DATA SHOWN
□ □ □ □ □ □ □
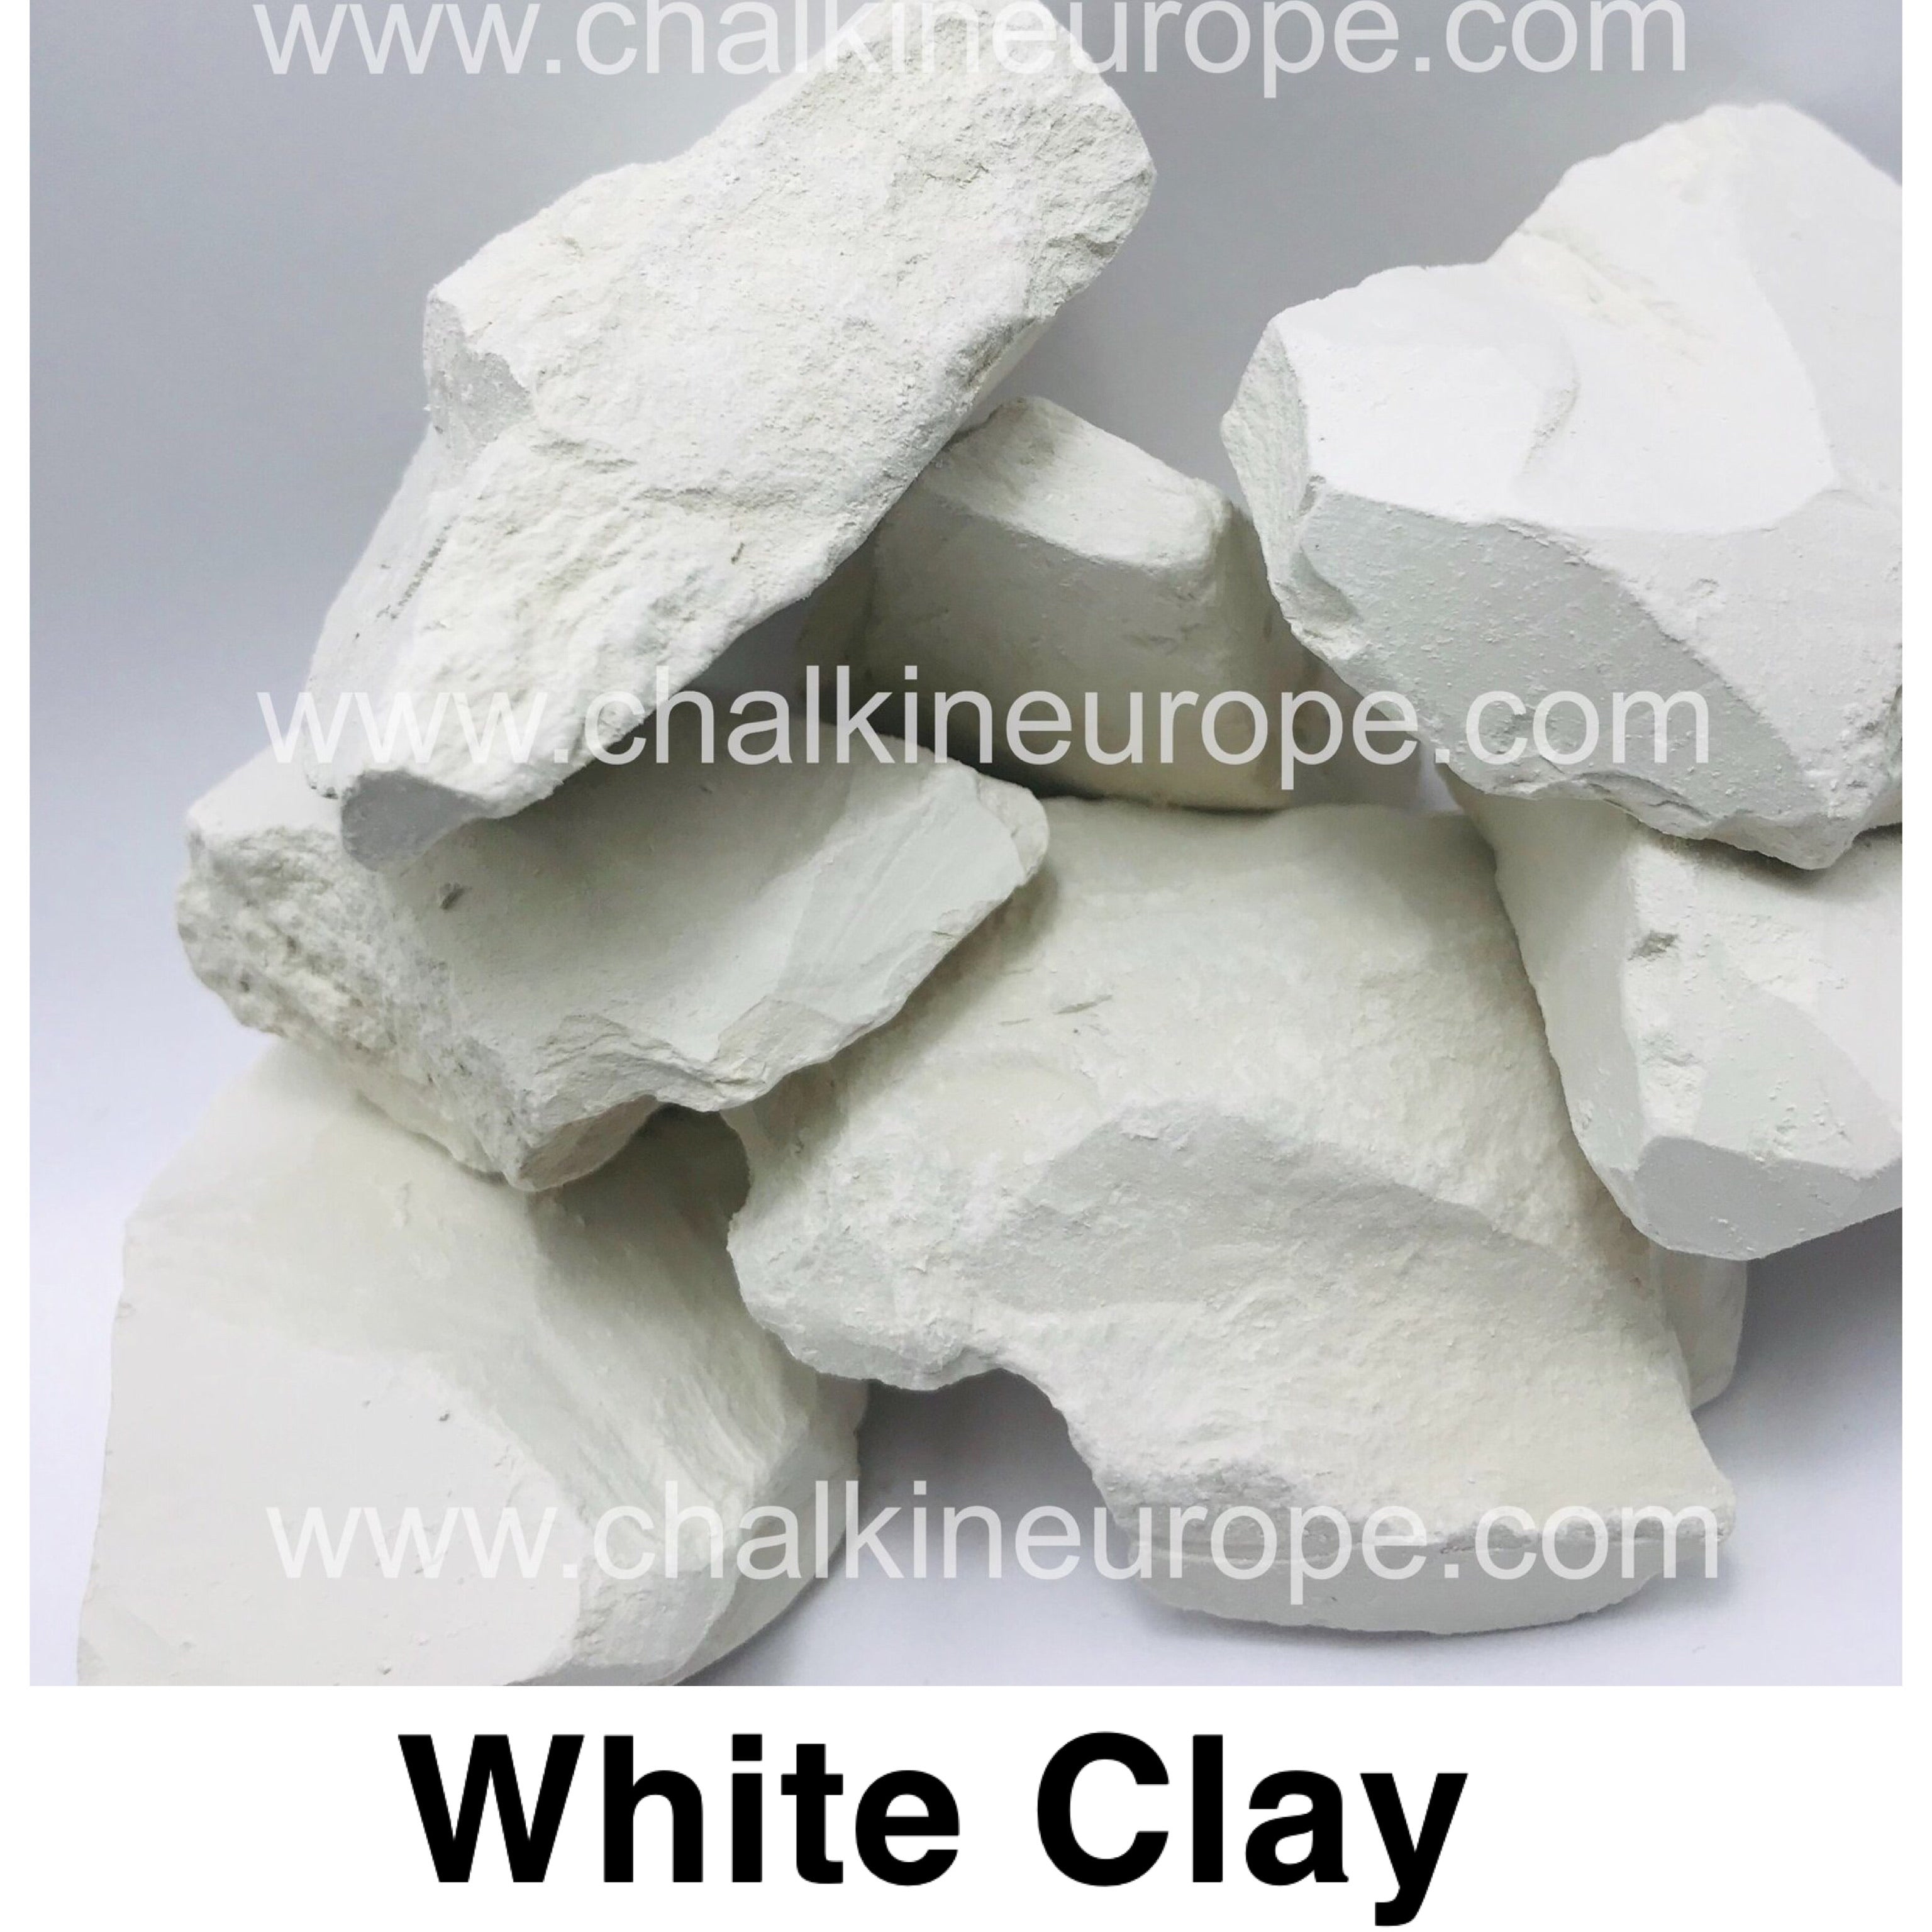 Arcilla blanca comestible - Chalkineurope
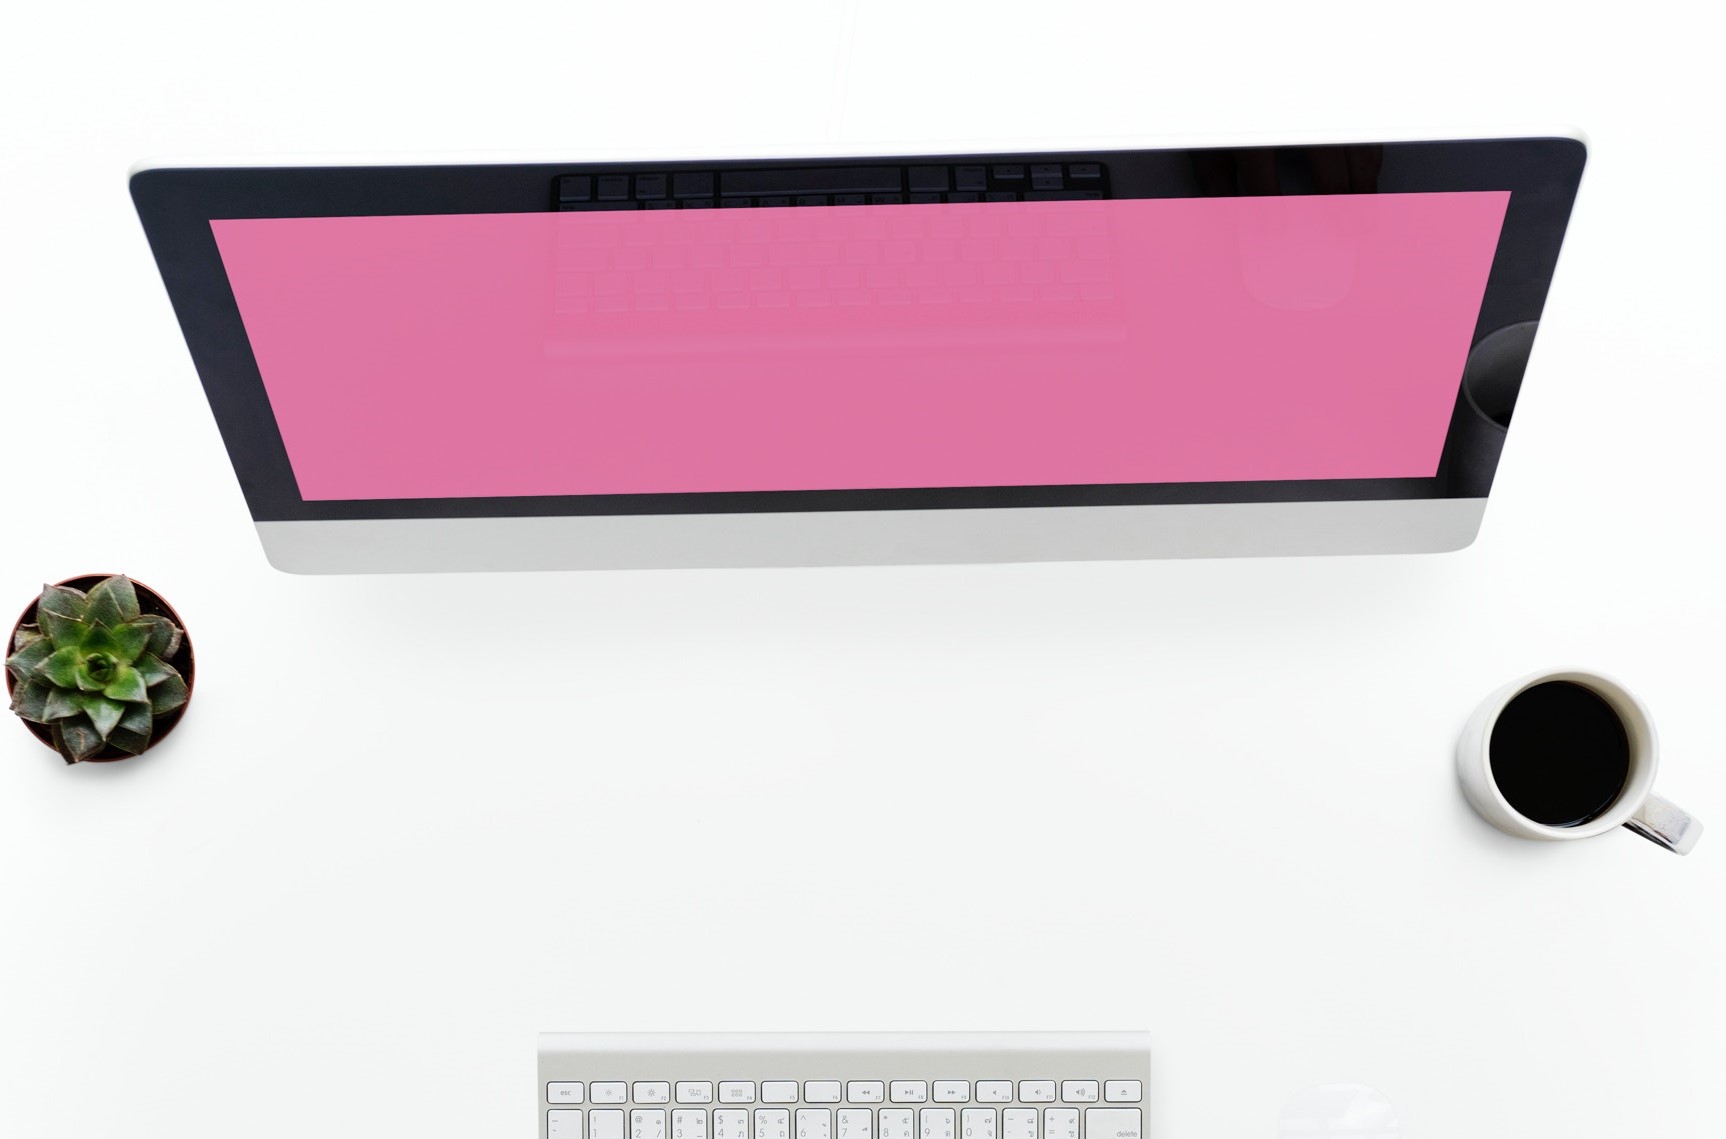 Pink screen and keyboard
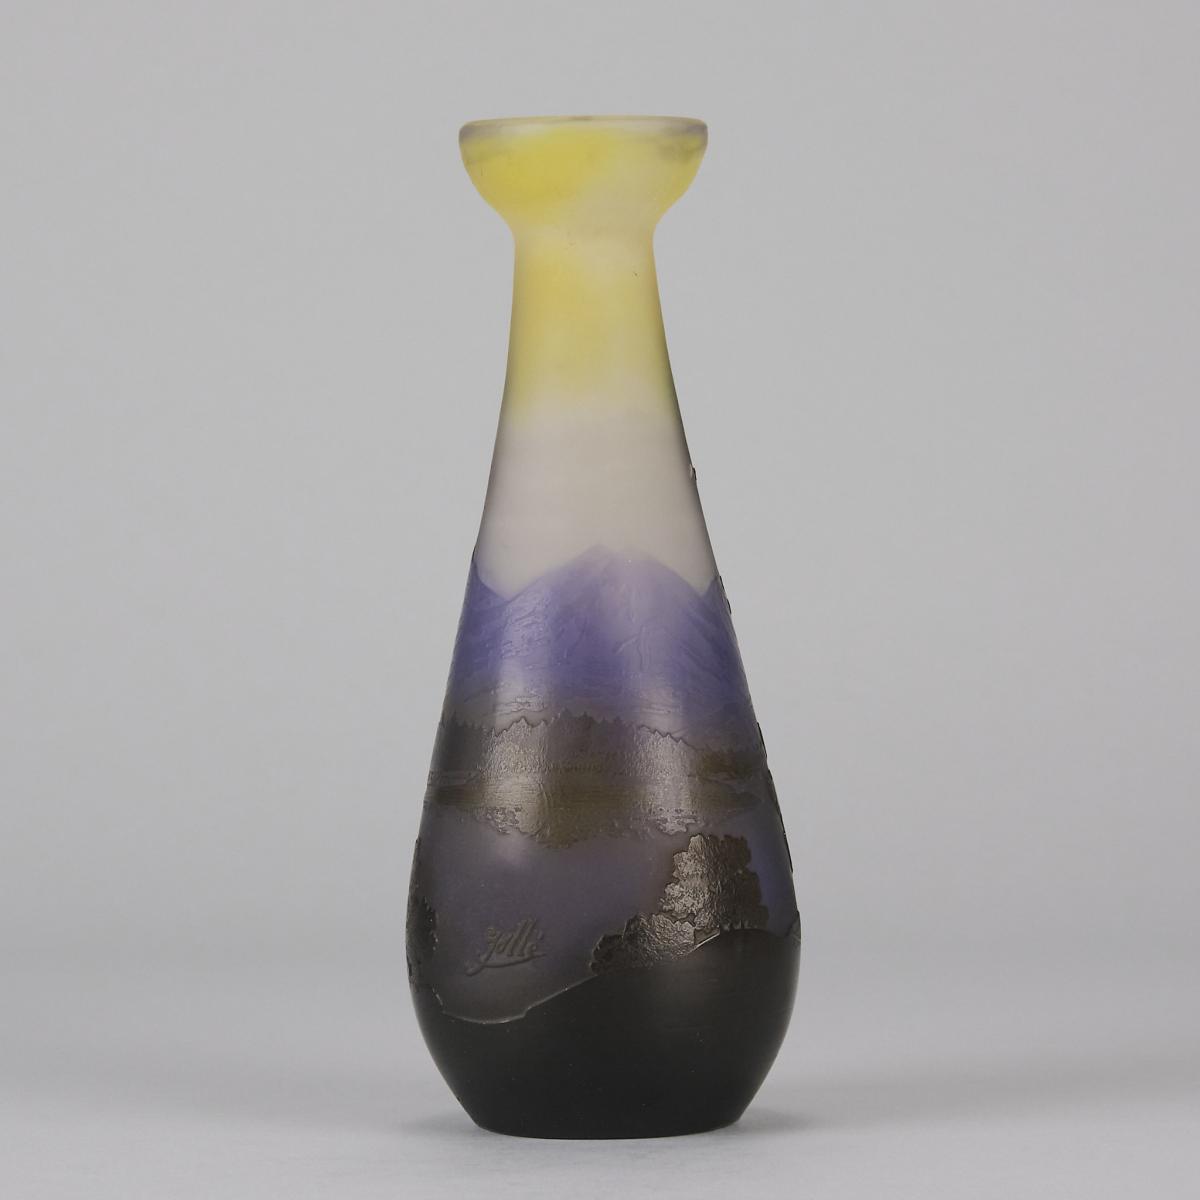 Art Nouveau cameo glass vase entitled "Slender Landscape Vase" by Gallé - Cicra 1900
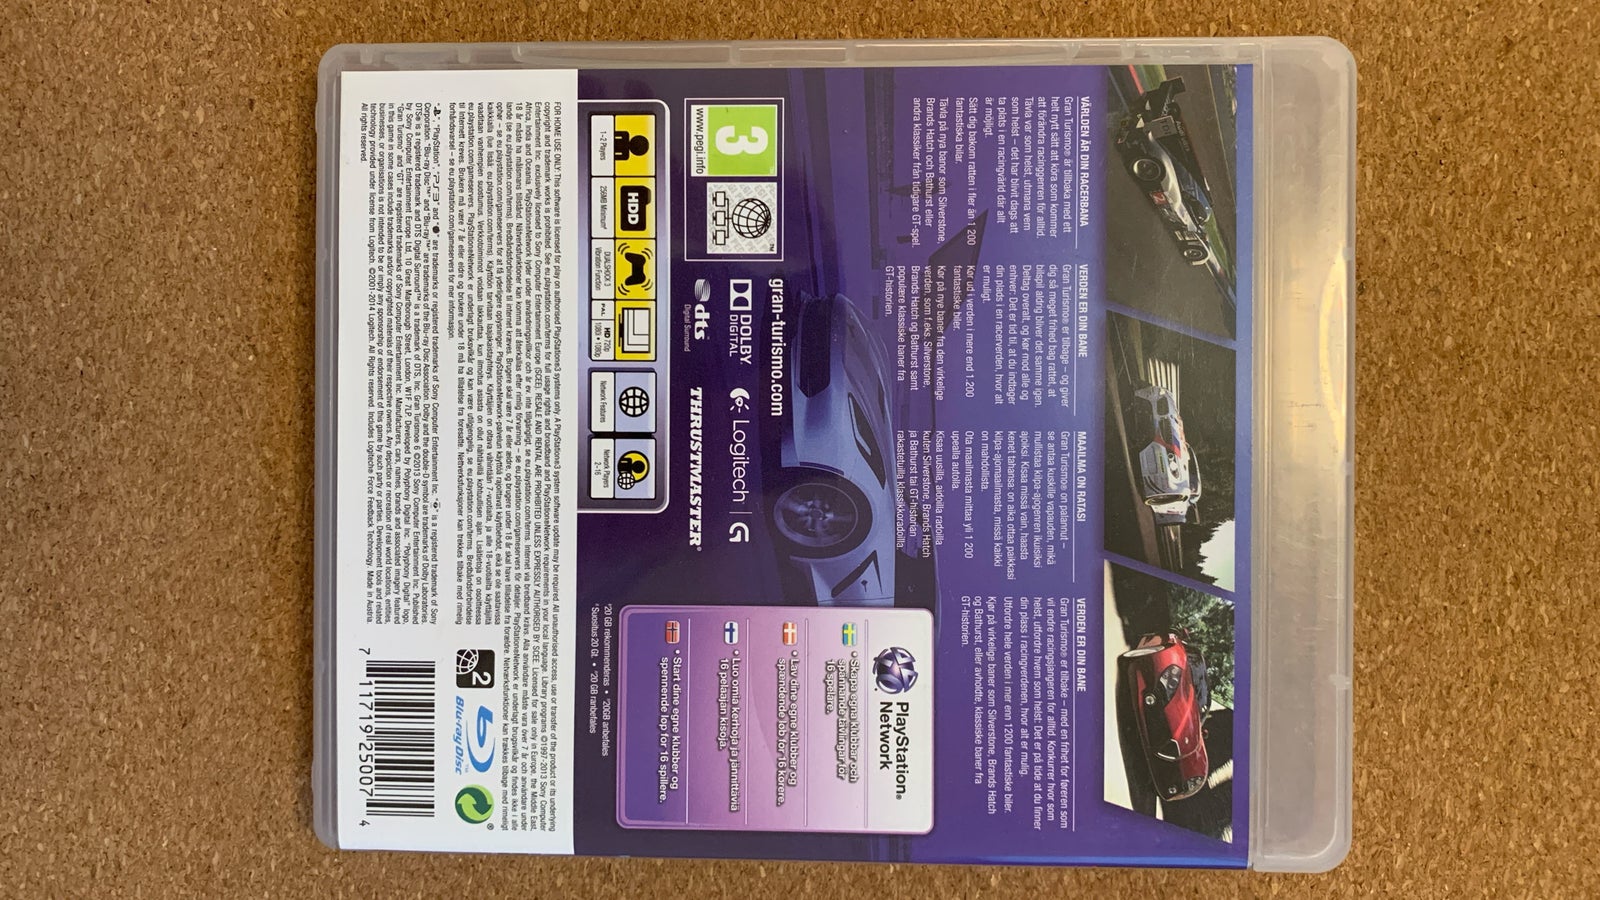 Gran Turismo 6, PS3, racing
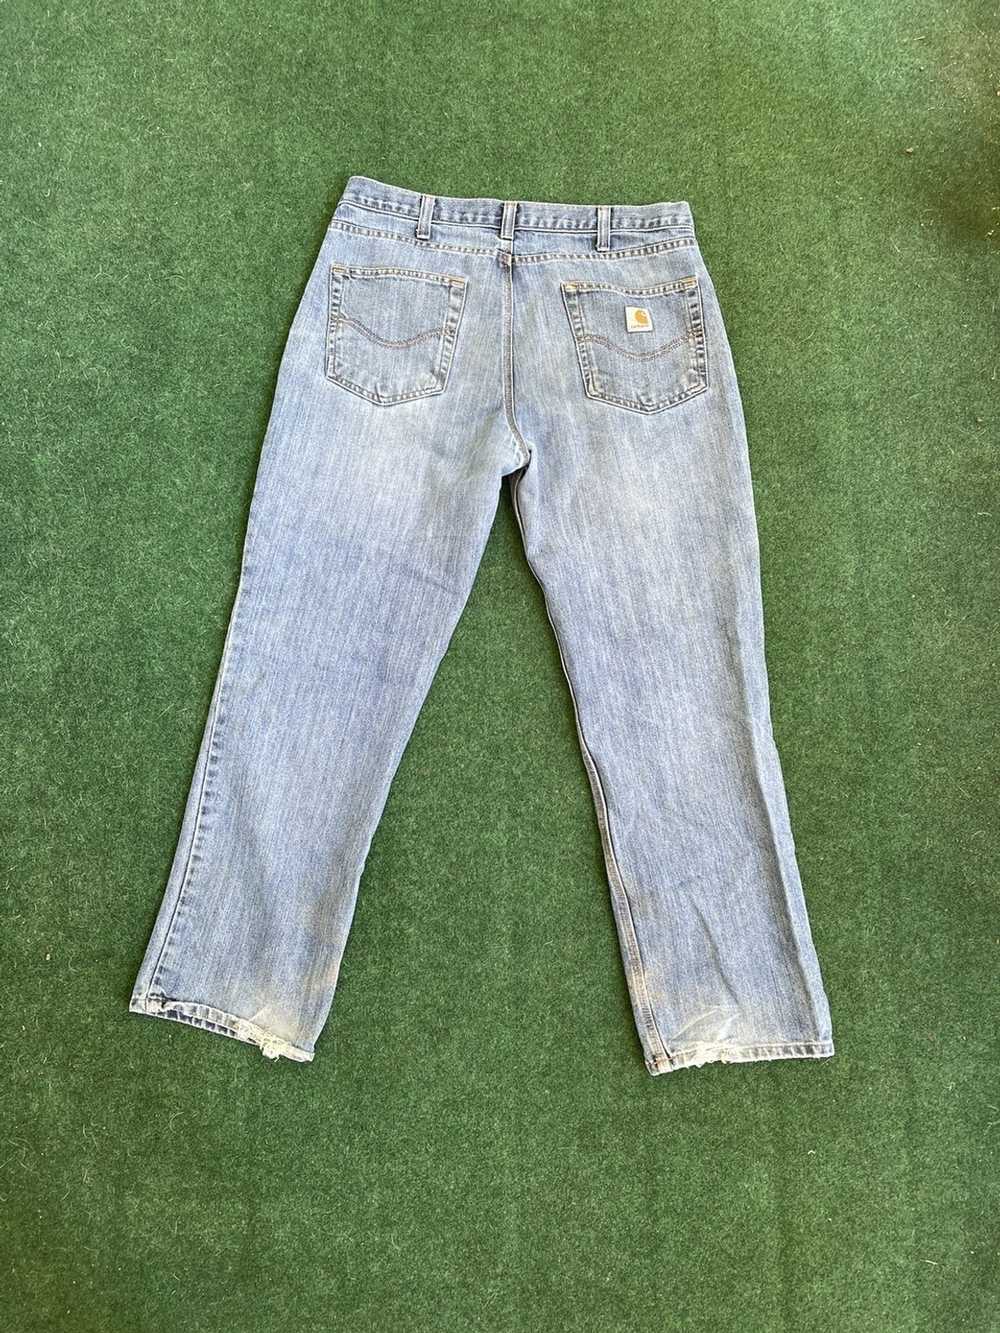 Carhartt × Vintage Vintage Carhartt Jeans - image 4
□ □ □ □ □ □ □
WHAT THE TASK ASKS
To complete this exercise, repeat exactly the lines above from the one holding "Gran Turismo 6, PS3, racing" to the end of the listing, both included, and leave the pictures out.

RESULT FOR THIS EXERCISE
 Gran Turismo 6, PS3, racing
 Carhartt × Vintage Vintage Carhartt Jeans - image 4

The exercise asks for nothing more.